# to withdraw one’s consent



## seitt

Greetings

Suppose I want to help a friend who is struggling financially. I tell him, “I'll give you such-and-such a sum of money now and hope to continue to be able to do so every month, but in our household my wife looks after our finances and although she is happy for me to give you money for now, she may withdraw her consent if our financial situation changes.”

Please could you translate the end bit of this? “She may withdraw her consent if our financial situation changes.”

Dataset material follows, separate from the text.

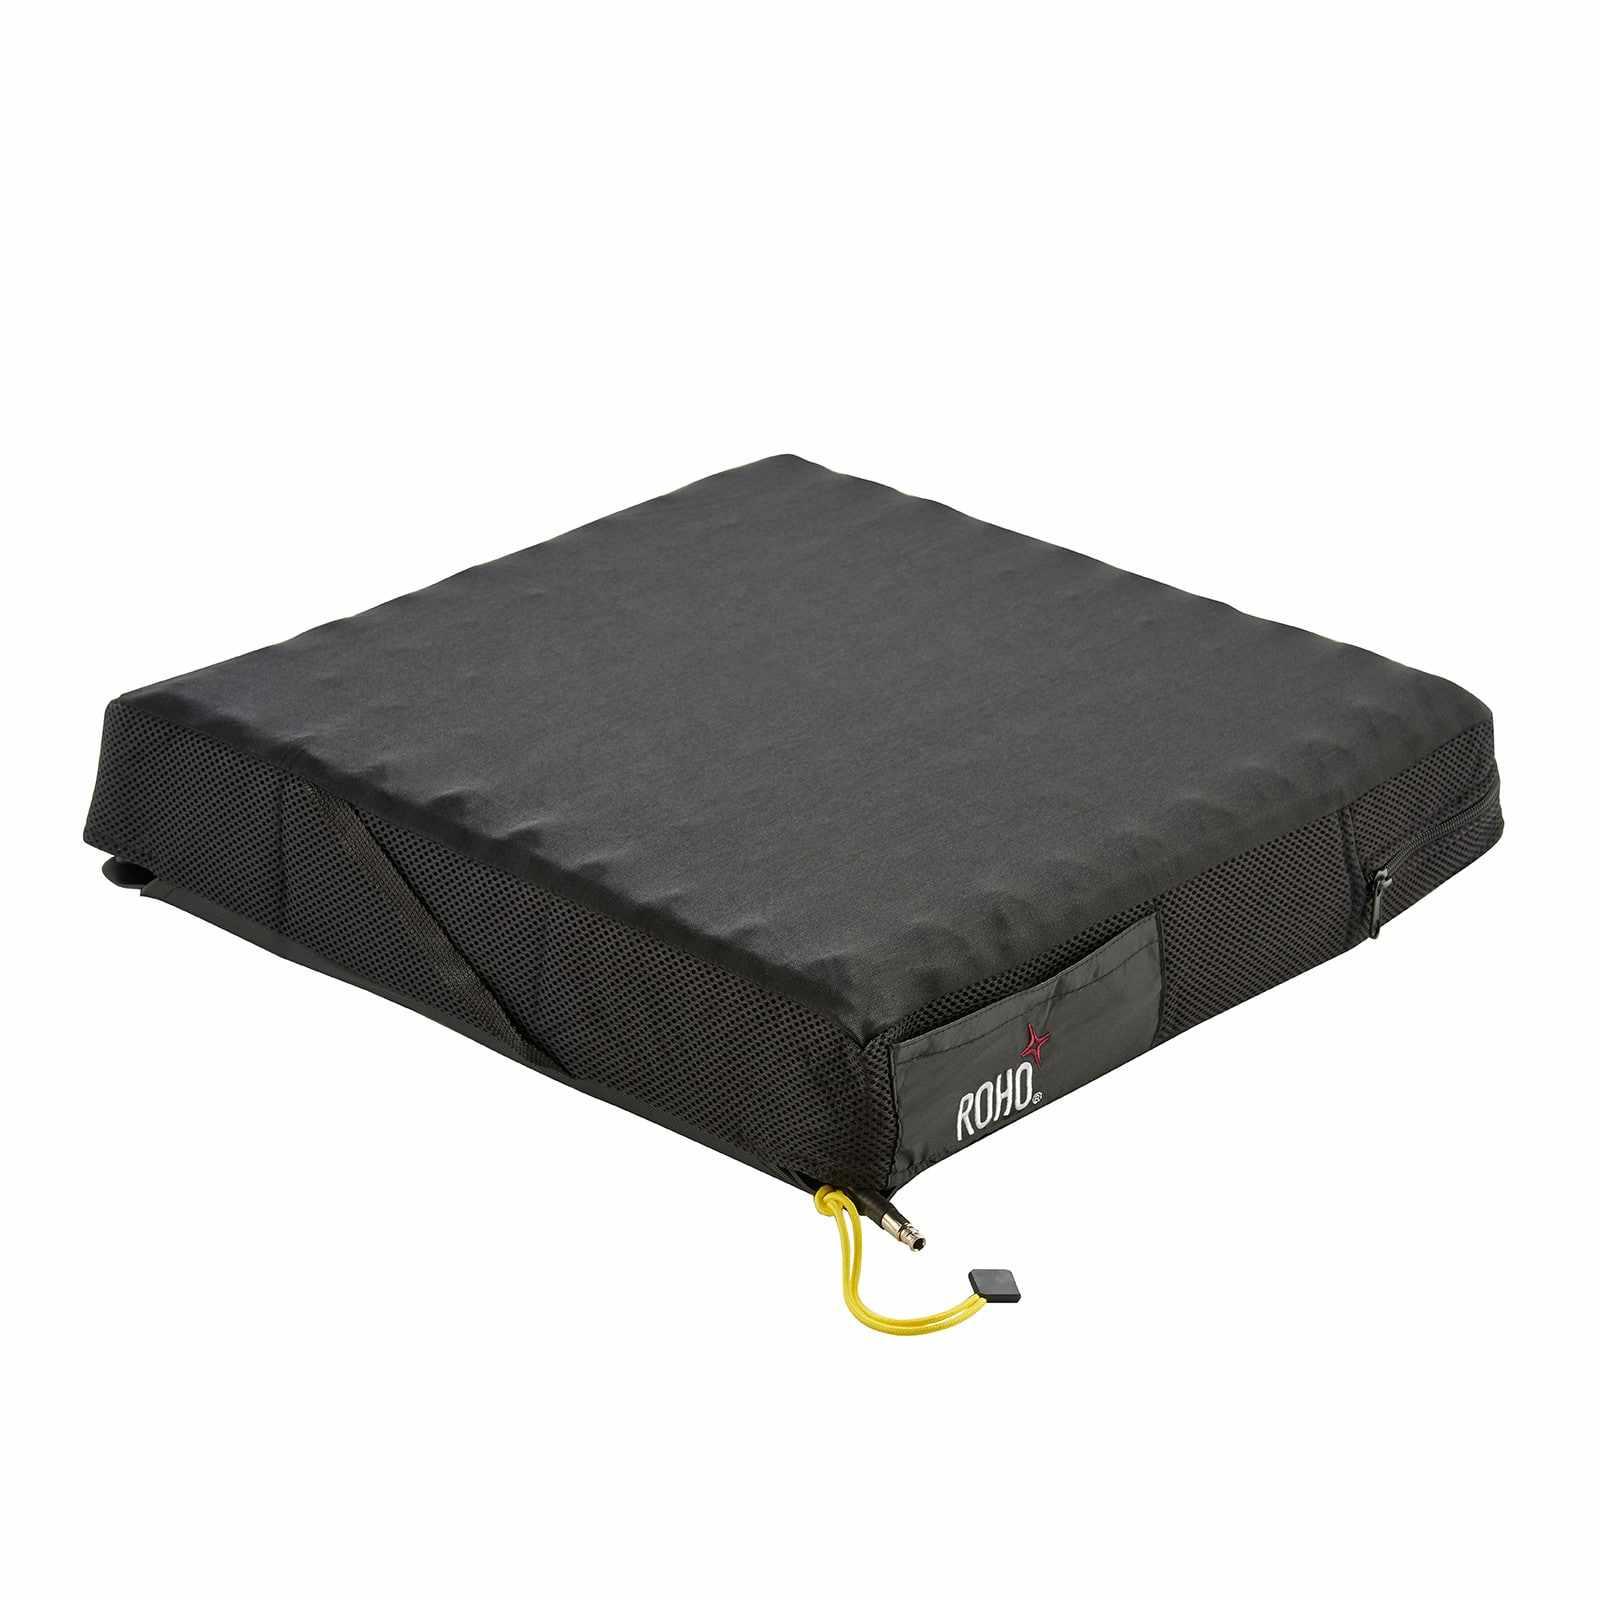 Roho High Profile Sensor Ready cushion with cover

All the best, and many thanks,

Simon


----------



## cim bom

I would translate it as:
Maddi durumumuz değişirse (or "değiştiği takdirde") eşim fikrini değiştirebilir(or "cayabilir" / "vazgeçebilir" / "hayır diyebilir").


----------



## seitt

Many thanks - just supposing we use rıza, would it be "rızasını geri alabilir" or "rızasını iptal edebilir" or something else again?


----------



## cim bom

You may say the first one ("rızasını geri alabilir"), people perfectly would understand what you mean and it wouldn't be awkward to use such a phrase but it is not commmonly used like that in the colloquial language. "onayını geri alabilir" would be a little bit more appropriate in this case, if you want to use similar phrase. But  "maddi durumumuz değişirse, onaylamaz/razı olmaz" would be more appropriate in my opinion.


----------



## seitt

Many thanks – by the way, this is a hot topic legally in a number of Western countries: what happens when a woman gives her consent to sex but then withdraws it? Is it rape or not? (Most would say that it is in principle, but there are various ramifications concerning how long it takes the man to respond to the withdrawal of consent.)

So, how would one translate ‘to withdraw one’s consent’ in this context?


----------



## cim bom

You are welcome. 
I would say "(sonradan) fikrini değiştirmek" or "(daha sonra) vazgeçmek".


----------



## seitt

Much obliged!


----------